↓↓↓
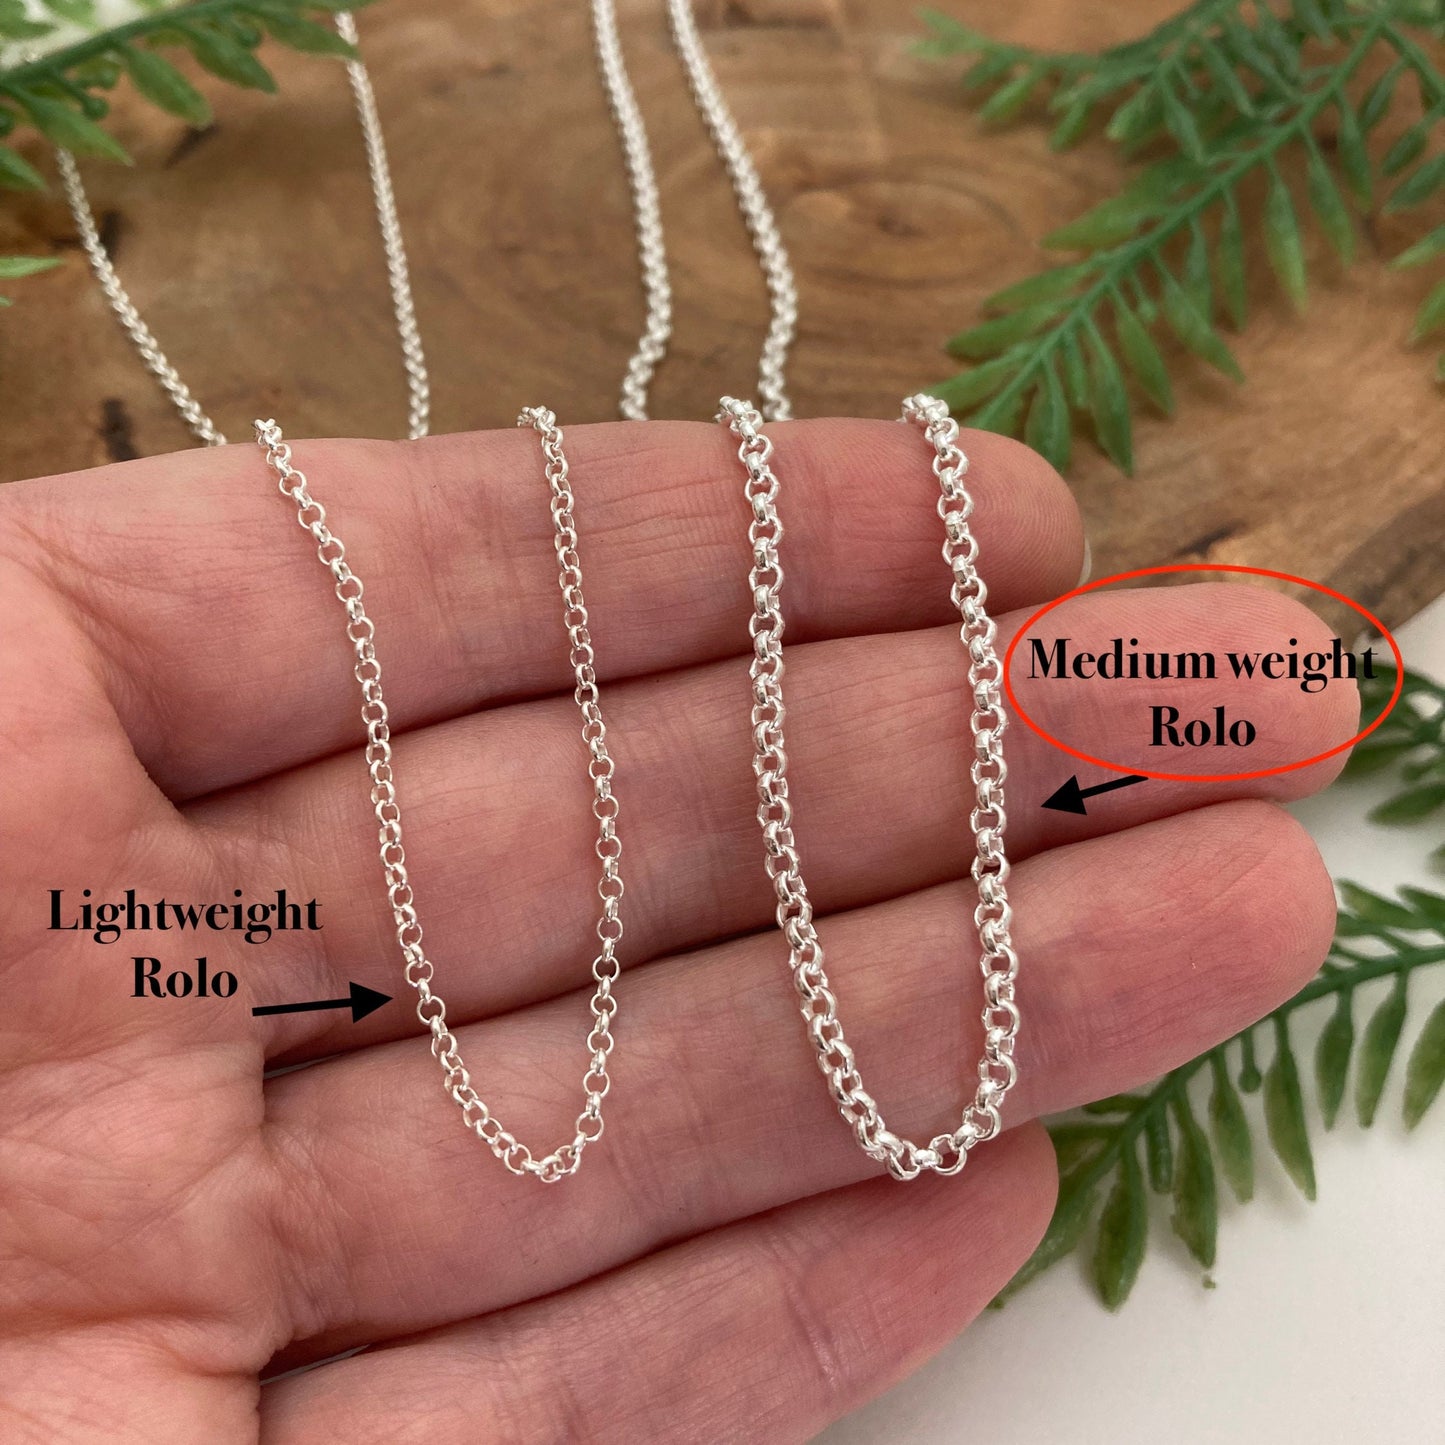 Medium Weight Sterling Silver Rolo Chain
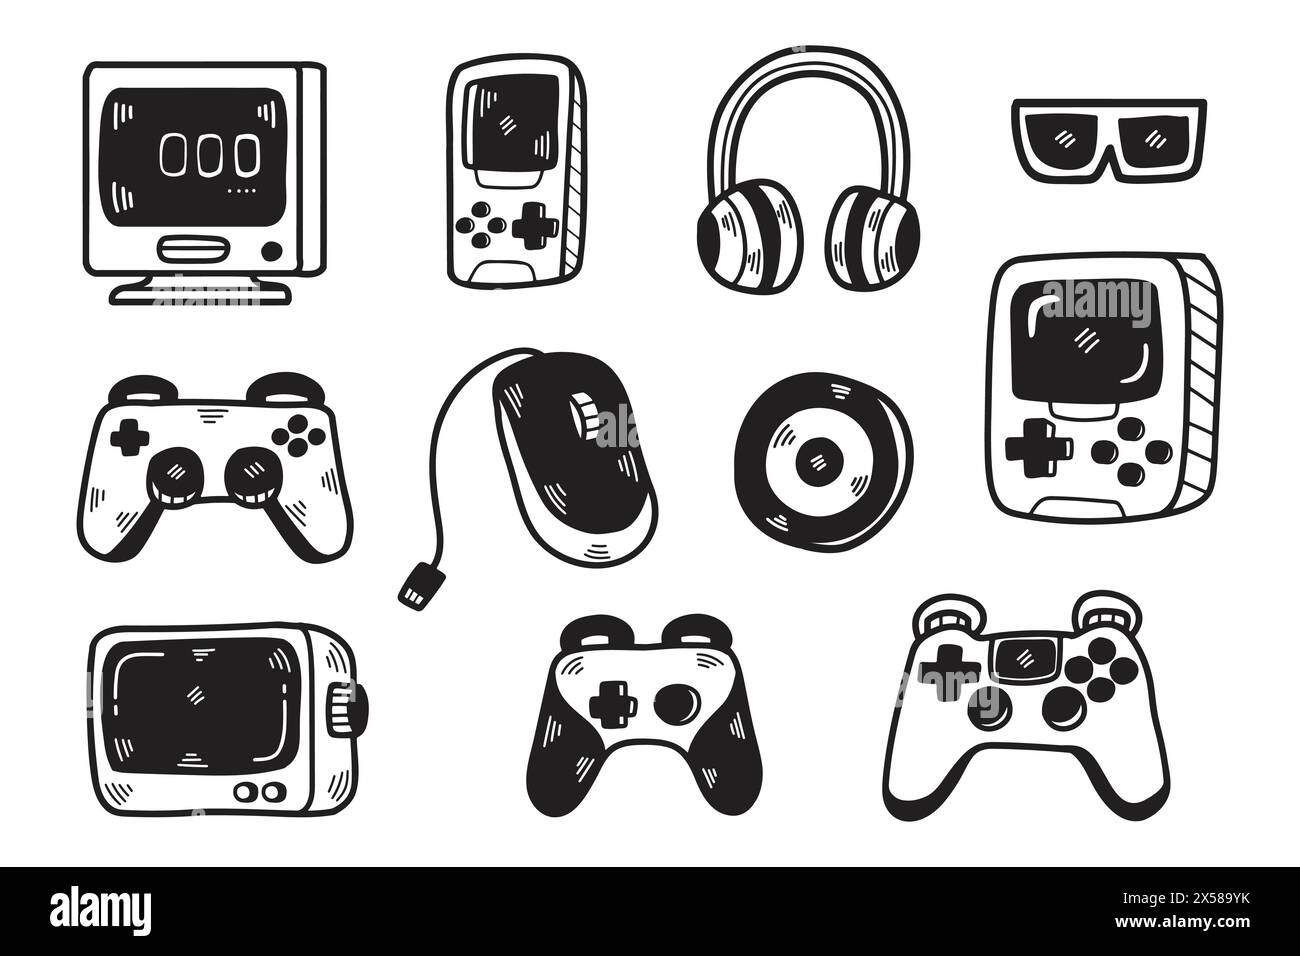 A collection of video game controllers and accessories. The controllers include a Wii remote, a Nintendo GameCube controller, and a Nintendo Wii Nunch Stock Vector
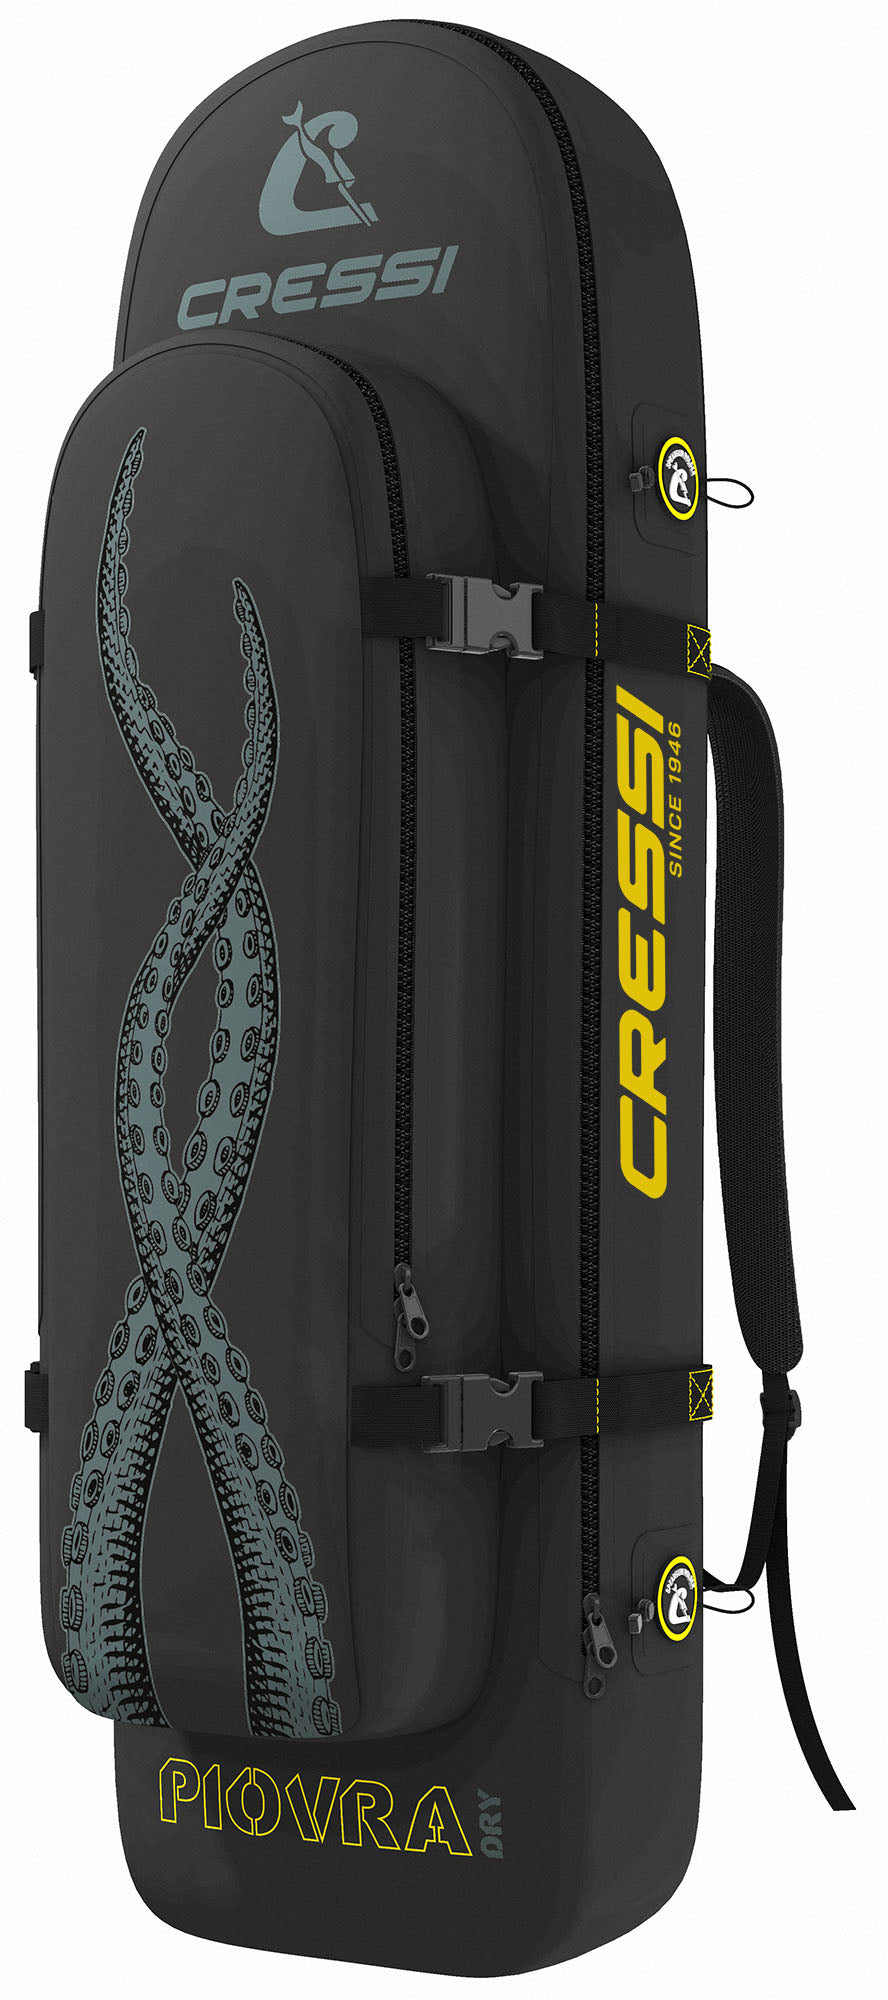 Piovra Fin Backpack XL - Dive & Fish
↑↑↑
## Task instructions
Retype the data shown above exactly, excluding any picture it contains.

## Result for this task
 Medium Weight Sterling Silver Rolo Chain
 A collection of video game controllers and accessories. The controllers include a Wii remote, a Nintendo GameCube controller, and a Nintendo Wii Nunch Stock Vector
 Piovra Fin Backpack XL - Dive & Fish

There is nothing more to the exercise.